Following the Henthorn judgement, the Law Society have released a statement with some advice to practitioners, with the promise of more to follow. They recommend that solicitors change their file retention policy to keep closed files for at least six years following assessment of costs rather than the end of the case. The Law Society is pursuing its complaint of maladministration to the Parliamentary Ombudsman and promising to intervene in any Supreme Court appeal that may take place. In the meantime, solicitors confronted with a demand for repayment from the LSC are referred to Focus 34 and Focus 41. See also the deed of settlement following the 2007 JR.

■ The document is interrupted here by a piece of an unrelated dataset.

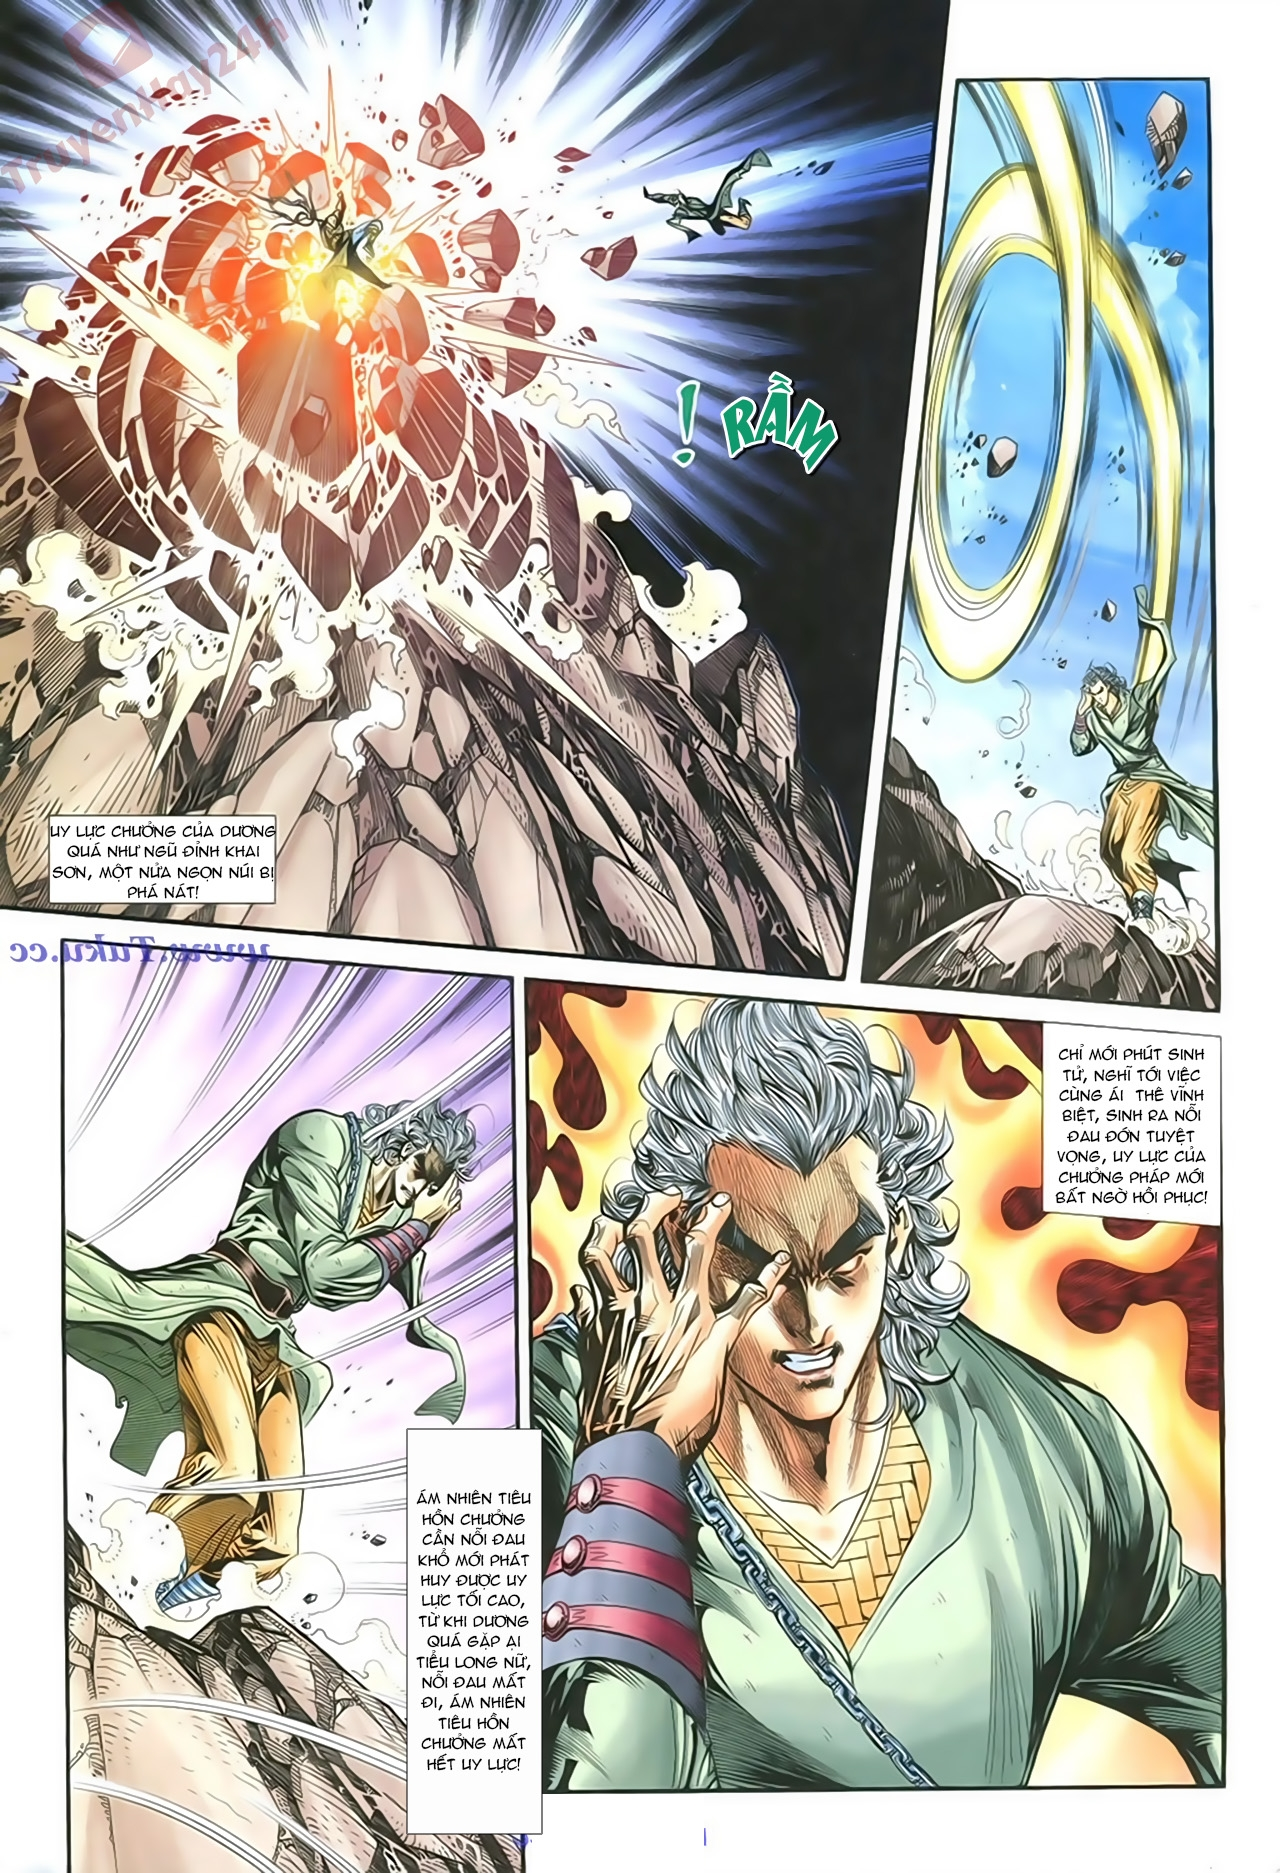 Thần Điêu Hiệp Lữ chap 86 – End Trang 15 - Mangak.info

Crimeline reported this week a judgement from the High Court, Lord Chancellor v McClarty & Co. Before the Costs Judge, the solicitors had been allowed to claim time spent in listening to audio tapes not transcribed as special preparation, on the basis that they were capable of being reduced to pages of evidence even though they had not in fact been transcribed. On appeal, it was held that that was outside what was allowed in the Regulations. Special preparation can only be claimed for “pages” and “documents”, which includes written material served electronically, but not audio or video material. It was also held that there is no power to pay enhanced rates for special preparation.